Client with remote agent in a group chat:

client_group_chat.py

import asyncio

from autogen import ConversableAgent, LLMConfig
from autogen.a2a import A2aRemoteAgent
from autogen.agentchat import a_run_group_chat
from autogen.agentchat.group.patterns import AutoPattern
from autogen.opentelemetry import instrument_pattern

llm_config = LLMConfig({"model": "gpt-4o-mini"})

triage_agent = ConversableAgent(
    name="triage_agent",
    system_message="Route technical issues to the tech agent.",
    llm_config=llm_config,
)

# Remote agent -- calls are traced across the network
tech_agent = A2aRemoteAgent(
    "http://localhost:18123/",
    name="tech_agent",
)

pattern = AutoPattern(
    initial_agent=triage_agent,
    agents=[triage_agent, tech_agent],
    group_manager_args={"llm_config": llm_config},
)

instrument_pattern(pattern, tracer_provider=tracer_provider)

async def main():
    result = await a_run_group_chat(
        pattern=pattern,
        messages="My application crashes on startup with a segfault.",
        max_rounds=5,
    )
    await result.process()

asyncio.run(main())

The instrument_pattern call on the client side instruments A2aRemoteAgent so that W3C traceparent headers are injected into outgoing HTTP requests. The instrument_a2a_server call on the server side extracts those headers, linking the server-side spans to the client trace.

Message and Data Capture#

AG2 tracing captures data at different levels depending on the span type:

Span type	Data captured	Controllable?
`conversation` (run / initiate_chat)	Input/output messages	No, always captured
`agent` (generate_reply)	Input/output messages	No, always captured
`tool` (execute_function)	Tool arguments and results	No, always captured
`human_input` (get_human_input)	Prompt shown and human's response	No, always captured
`llm` (LLM API call)	Request/response messages	Yes, off by default via `capture_messages`

Conversation and agent spans always include input and output messages (gen_ai.input.messages / gen_ai.output.messages). Tool spans always capture call arguments (gen_ai.tool.call.arguments) and results (gen_ai.tool.call.result). Human input spans always capture the prompt shown (ag2.human_input.prompt) and the human's response (ag2.human_input.response). Only LLM spans require explicit opt-in via capture_messages=True -- all other span types capture their data by default.

Warning

If your agents process sensitive data (personal information, credentials, proprietary content), be aware that conversation messages, tool arguments and results, and human input prompts and responses will appear in your tracing backend with default settings. Ensure your backend has appropriate access controls and retention policies.

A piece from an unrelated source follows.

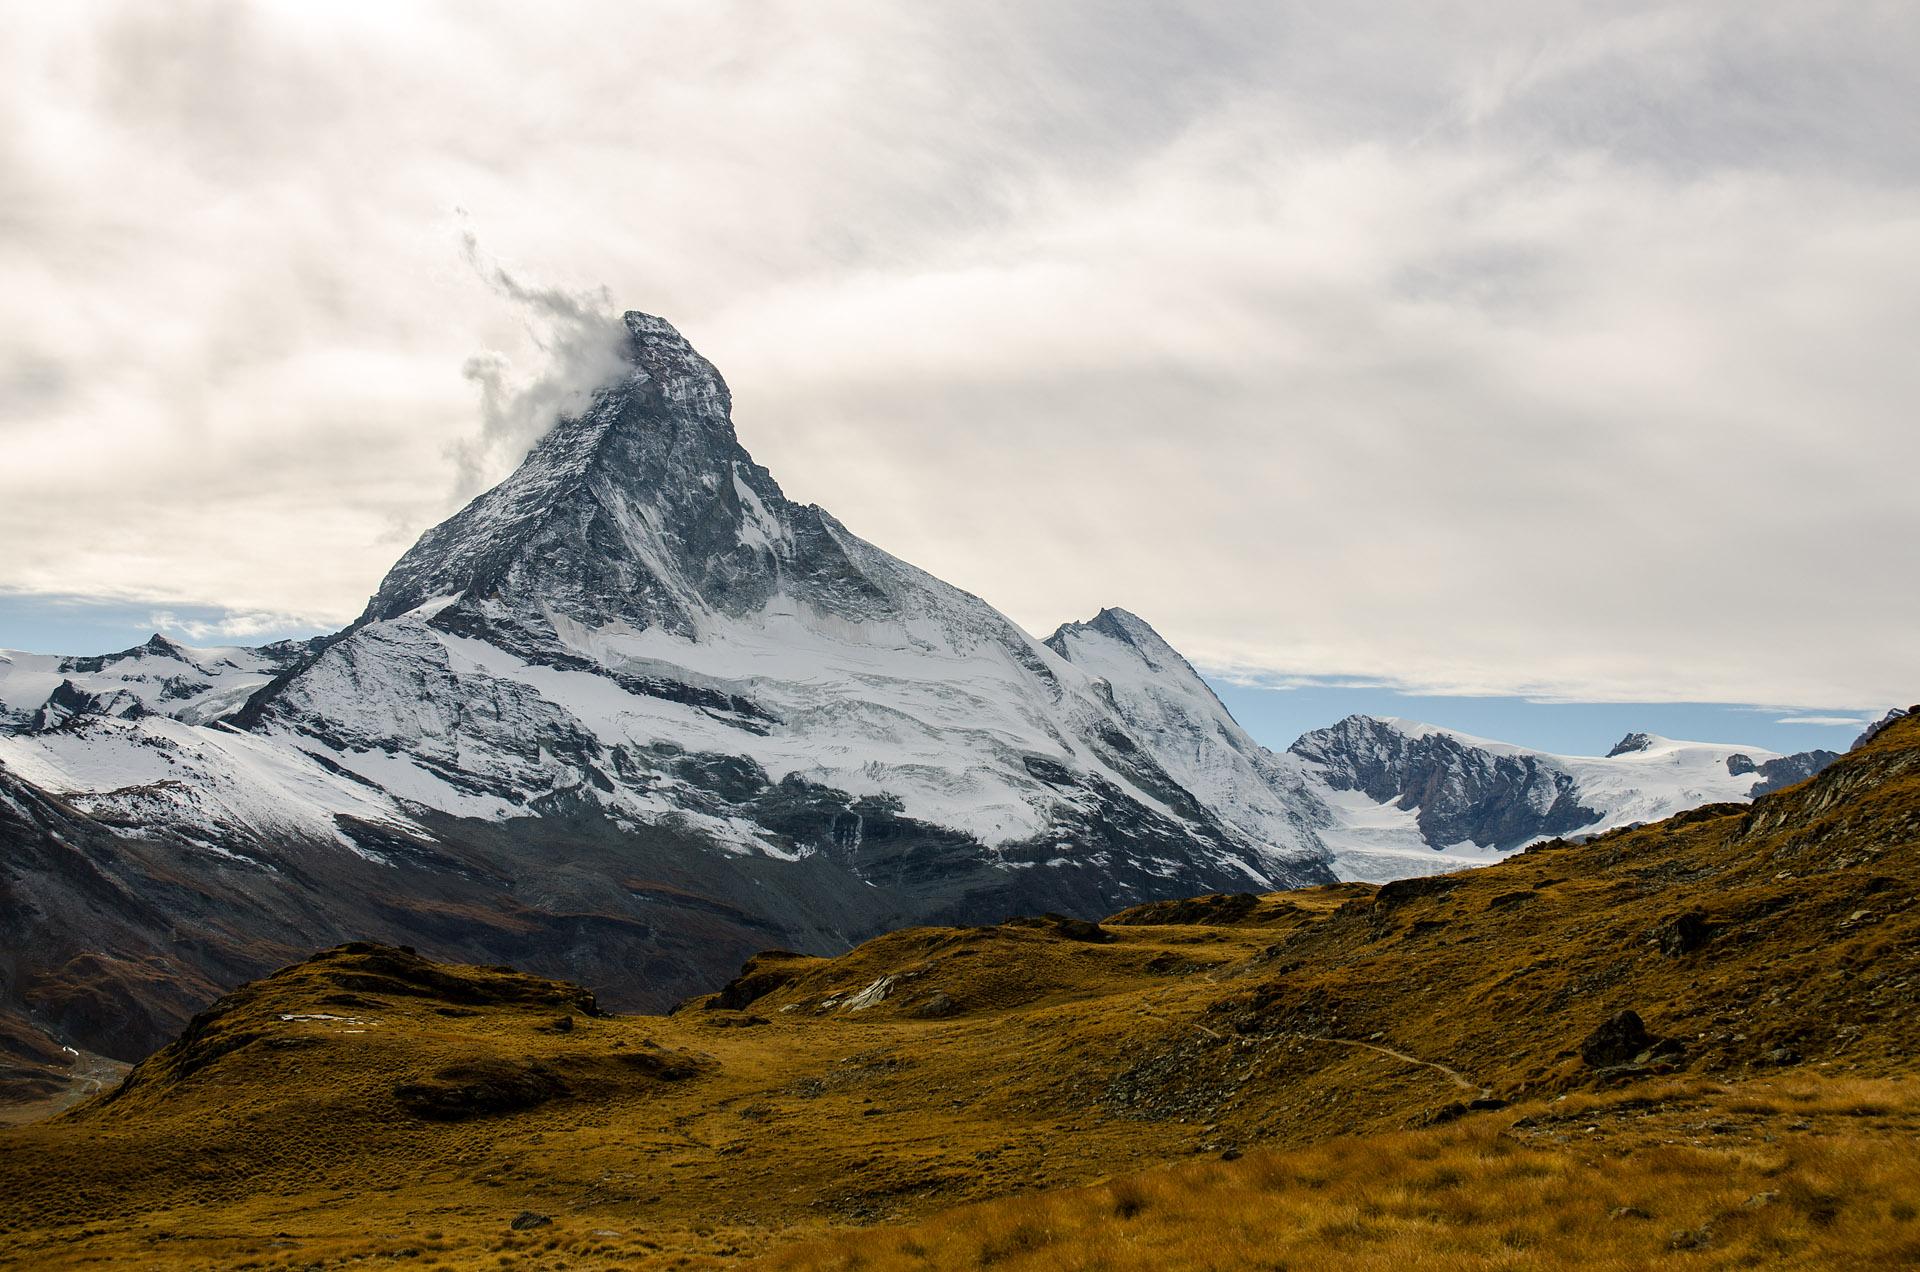 Matterhorn Glacier & Zmutt Glacier

Enabling LLM Message Capture#

By default, instrument_llm_wrapper does not capture request and response messages on LLM spans. To enable this for debugging or development:

instrument_llm_wrapper(tracer_provider=tracer_provider, capture_messages=True)

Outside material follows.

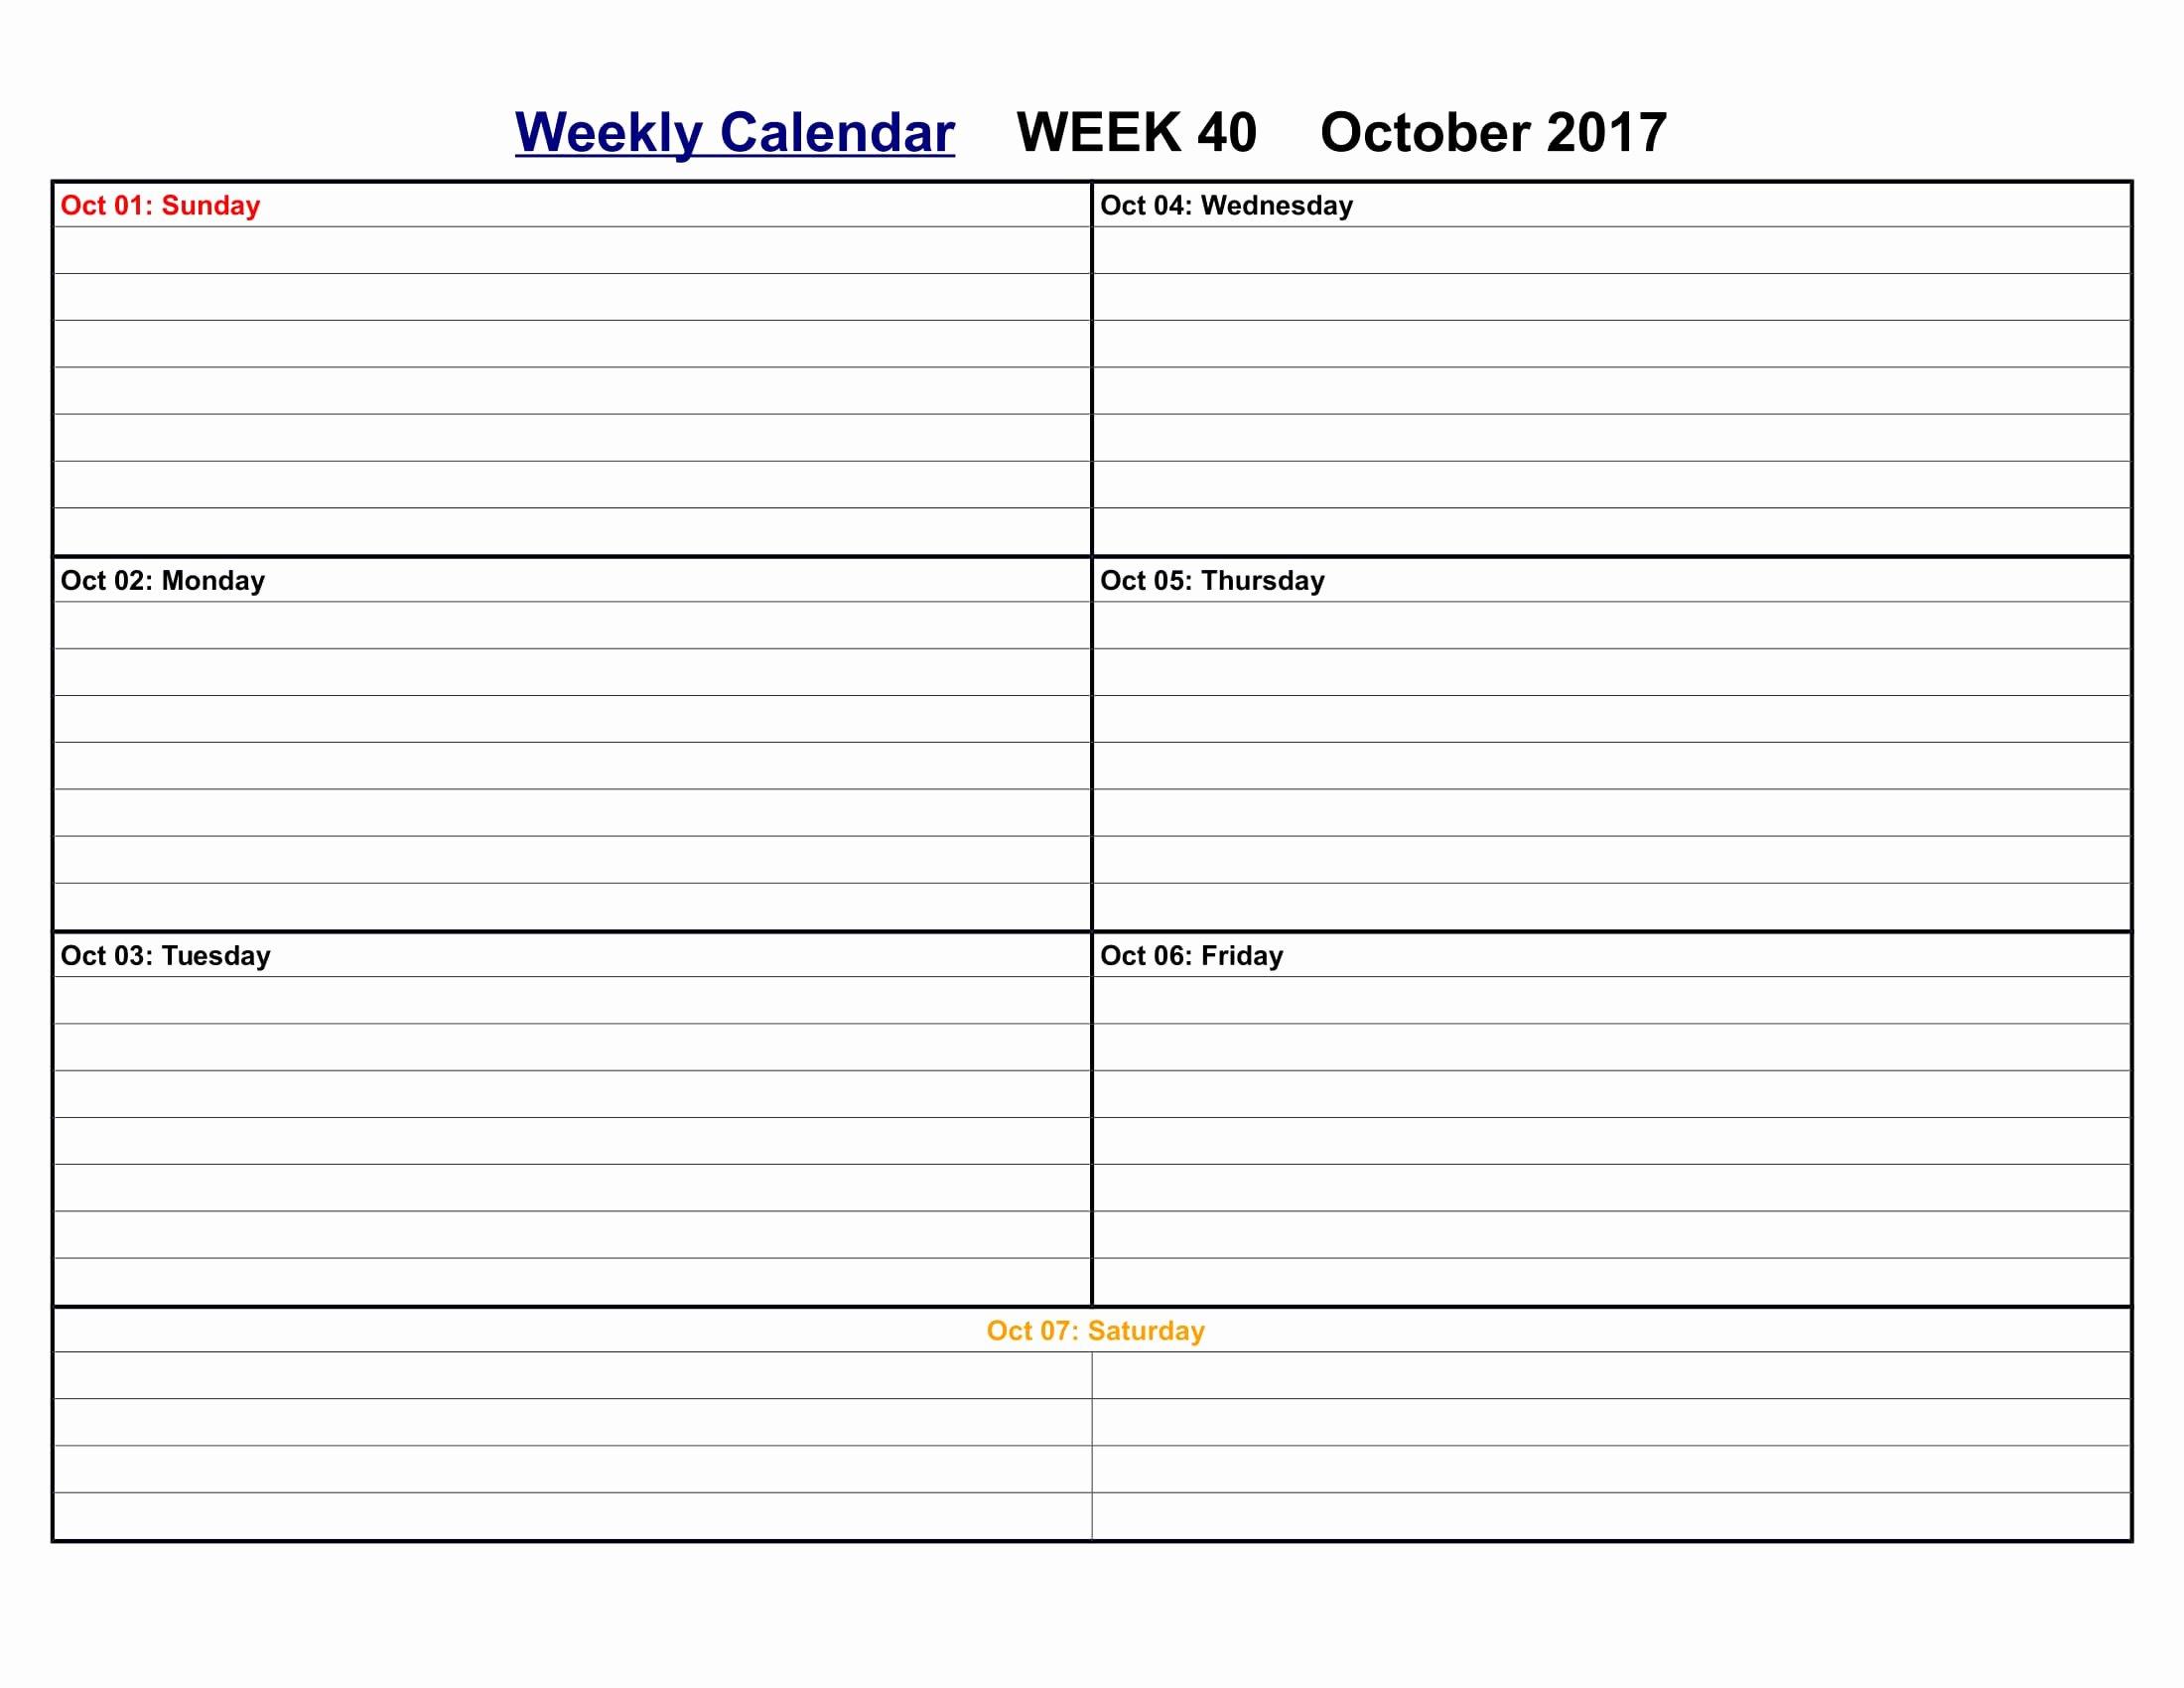 Weekly Calendar Template 2017 Elegant October 2017 Calendar Printable Templates Calendar Fice

When enabled, two additional attributes appear on chat (LLM) spans:

gen_ai.input.messages -- JSON array of input messages in OpenTelemetry GenAI format
gen_ai.output.messages -- JSON array of output messages in OpenTelemetry GenAI format

This includes the full request and response payloads sent to and received from the LLM provider, which can be large and may duplicate content already present on the parent agent span.